Camps and stewardship education have gone hand-in-hand for decades. Leave No Trace, the best-known stewardship education program on US public lands, helps to make people a conservation solution through easy, actionable practices that reduce negative impacts. Leave No Trace is also closely tied to two areas of the American Camp Association (ACA)’s Youth Outcome Battery: “Affinity for Nature” and “Responsibility” (ACA, 2022). But Leave No Trace education is more than just looking at a list of principles as “rules of the outdoors.” In fact, it needs to be more to connect with today’s campers and staff. Let’s explore Leave No Trace through some new lenses that can help strengthen its positive effect in your programs.

“Now They Come Home and Clean After Meals!”

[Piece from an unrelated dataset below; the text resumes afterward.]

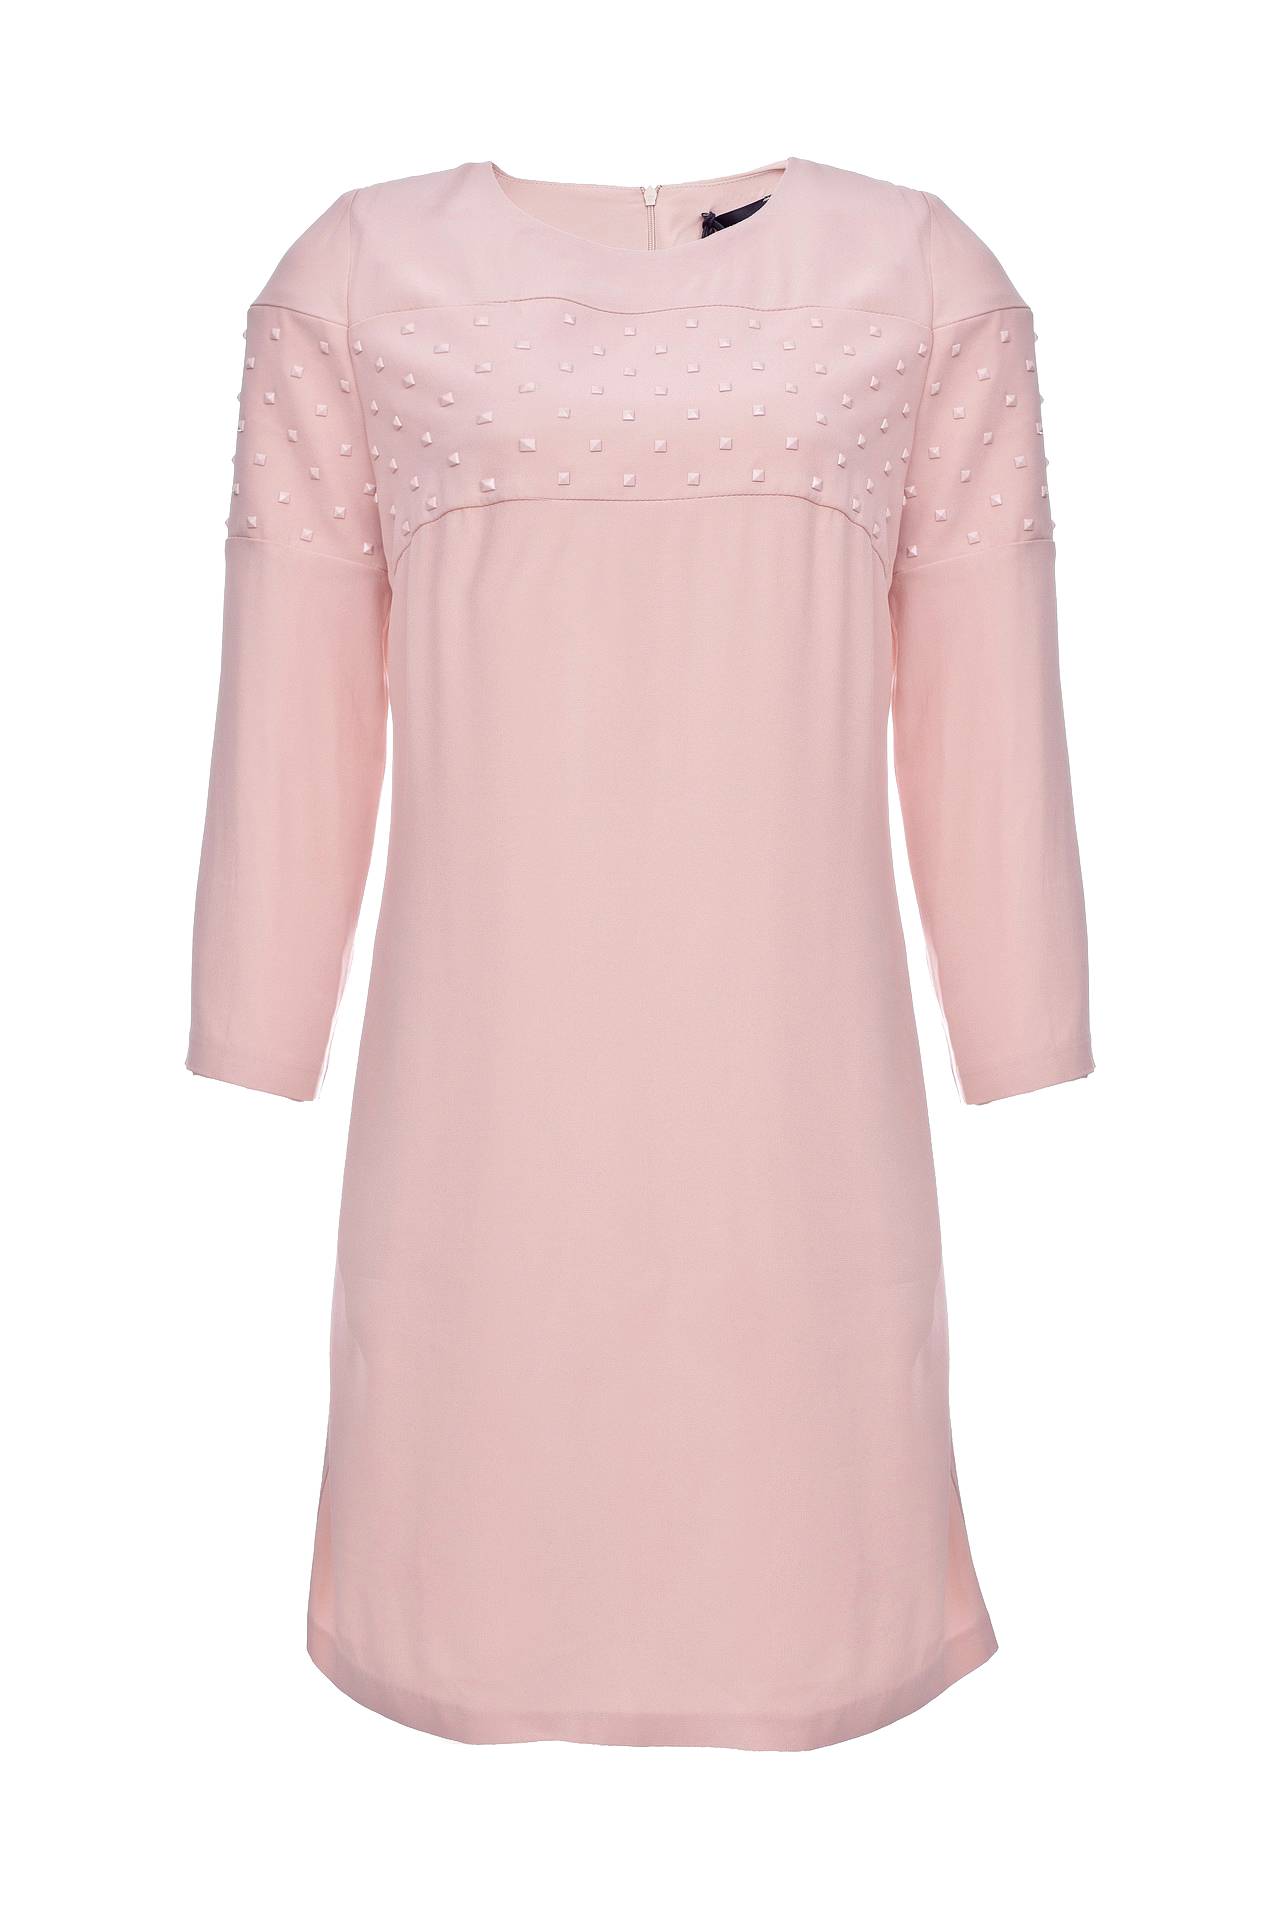 Одежда женская Платье ATOS LOMBARDINI (P6PP03029/16.2). Купить за 12200 руб.

Parent phone calls and emails come in all shapes and sizes, but one shared sentiment stood out to me when I was on the leadership staff at McGaw YMCA Camp Echo. The comments often went something like this: “My child had the best time at camp — and now they help set the table and clean up after dinner without being asked! Thank you.” I always smiled at those remarks, but years later I still think back to why this was such important feedback. A value that we were intentionally fostering at camp (in this case, responsibility in our dining hall) was actually traveling back home with the camper.

Our overnight camp had meals in our dining hall three times a day during a two-week session. Every day pairs of campers from each cabin were assigned to help set their cabin’s table for each meal. Our kitchen served food family style, with platters and other serving bowls placed in the middle of a cabin’s table. If during the meal an item of food ran out, the camper who had the last serving would take the empty serving dish back to the kitchen window to ask for more. Afterward, the two campers assigned to meal duty for each cabin would stay behind to wipe down their table, sweep the floor, and check in with the kitchen staff before leaving.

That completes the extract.